Strive’s focus on “attitude” cuts to the deepest truths about inner-city joblessness. At its crudest, the welfare debate has sounded like an argument between those who believe that poor minorities are lazy and don’t want to work and those who think they really want to work but simply can’t find jobs. Strive’s experience casts doubt on both positions. As many close observers of ghetto life like William Julius Wilson and Elijah Anderson have remarked, inner-city residents at least state a belief in the importance of hard work and personal initiative. In fact, the people who come to Strive are obsessed with finding jobs and are tearfully grateful to the staff when they do so—the office is filled with mushy thank-you notes, stuffed animals, balloons, and other gifts of appreciation.
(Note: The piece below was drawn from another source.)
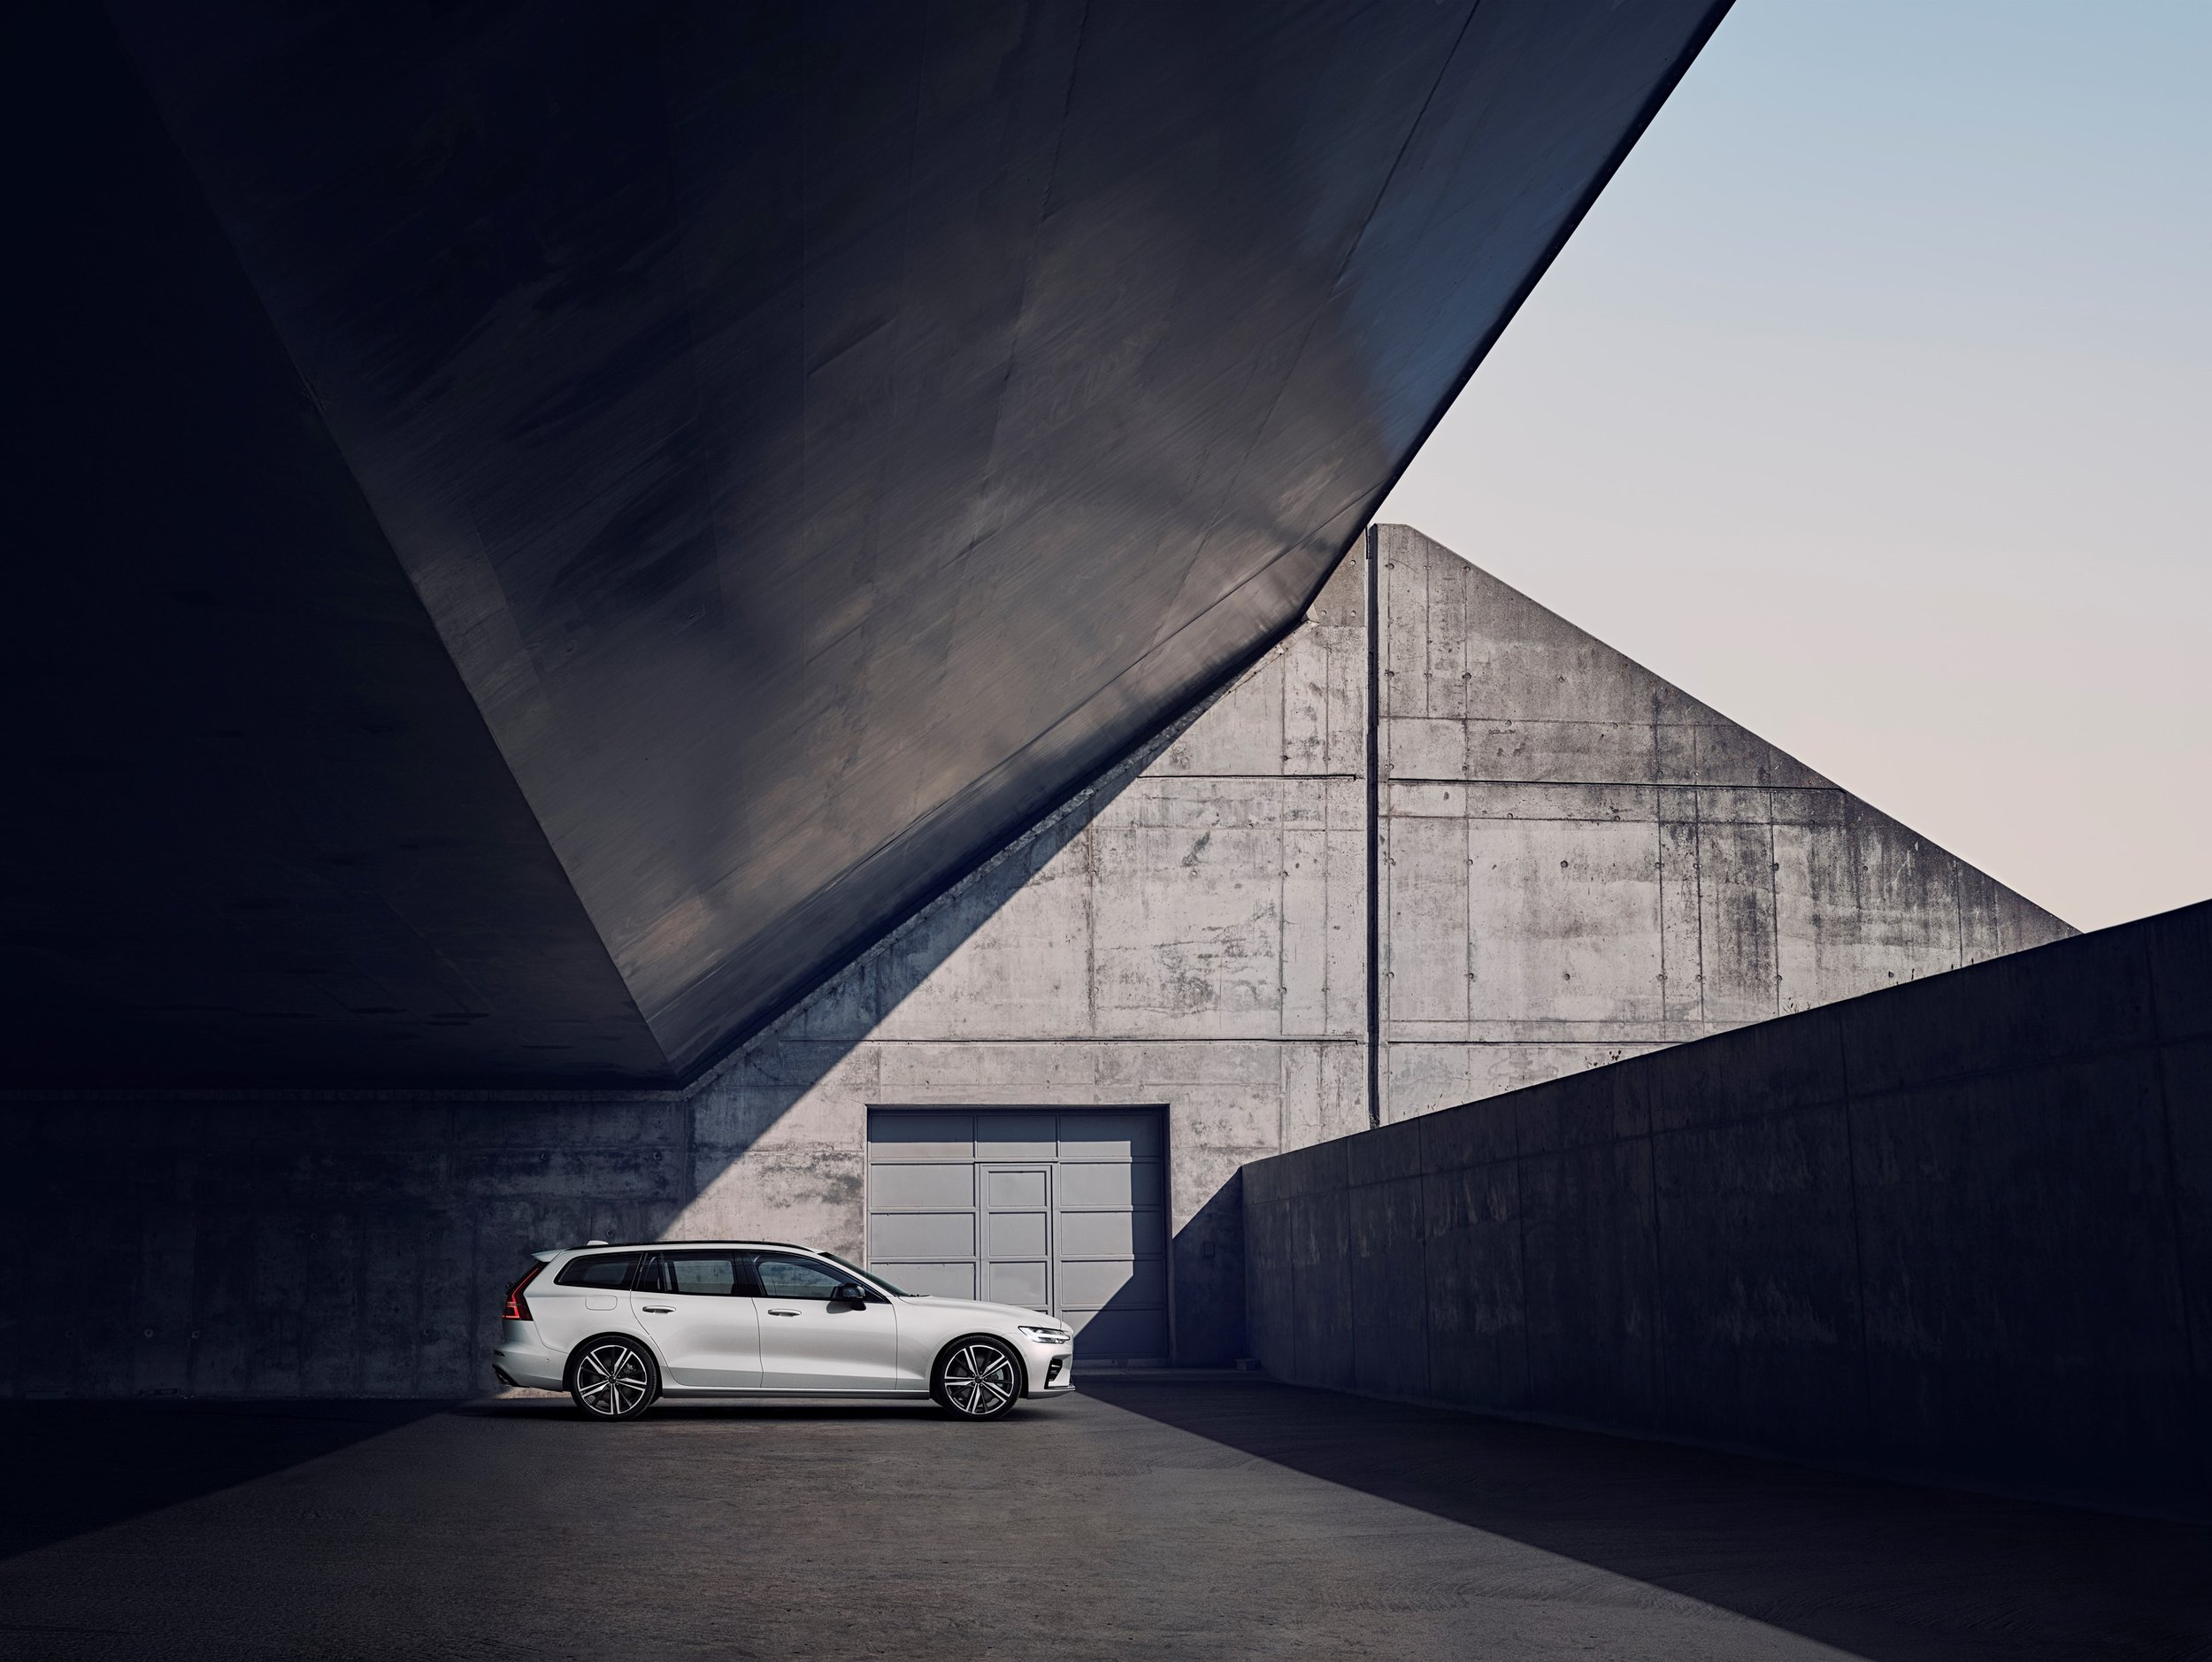 231022_Volvo_V60_R-Design.jpg

Still, Wilson’s theory—that though inner-city people want jobs, the only kind of work for which they are qualified has “disappeared”—is also at odds with Strive’s experience. The main disjunction Strive’s staff members see is that between the values of the street and those of the mainstream work world. Socialized to the norms of street honor, their clients are imprisoned in failure by a reluctance to accept the alien atmosphere and petty humiliations inevitable at almost any workplace. It would not surprise Strive’s staff to learn from urban ethnologist Phillipe Bourgois, who studied the crack subculture on the very blocks around Strive’s East Harlem site, that when some of his subjects were fired from legitimate jobs, they would treat their return to the street “as a triumph of free will and resistance.” As the opposite face of the same coin, many successful Strive participants have had the experience of Zakeina, one former welfare mother I spoke with, whose friend warned her to quit the program because she had begun “acting white” and “putting on airs.”

During the orientation, Berlack, who has the comic timing and talent for mimicry of Eddie Murphy, uses his experience in the army to drive home the theme of “attitude.” Suddenly and unexpectedly, he screams hysterically to a young woman whom he has been teasing in the front of the room: “Duck!” She flinches in shocked surprise. In the riff that follows, he mimics a stereotypic black street tough. He ambles forward in what Tom Wolfe has called the “pimp roll” and says in a heavy accent: “‘Who you tellin’ to duck? Ain’t nobody goin’ to tell me what to do. I don’t duck for no one.’ And you know what happens to that guy?” Berlack has returned to his usual Andover-smooth English with just a hint of a Southern accent. “He’s dead meat, because there’s a bullet flying by, and he ‘don’t take no orders from no one.’”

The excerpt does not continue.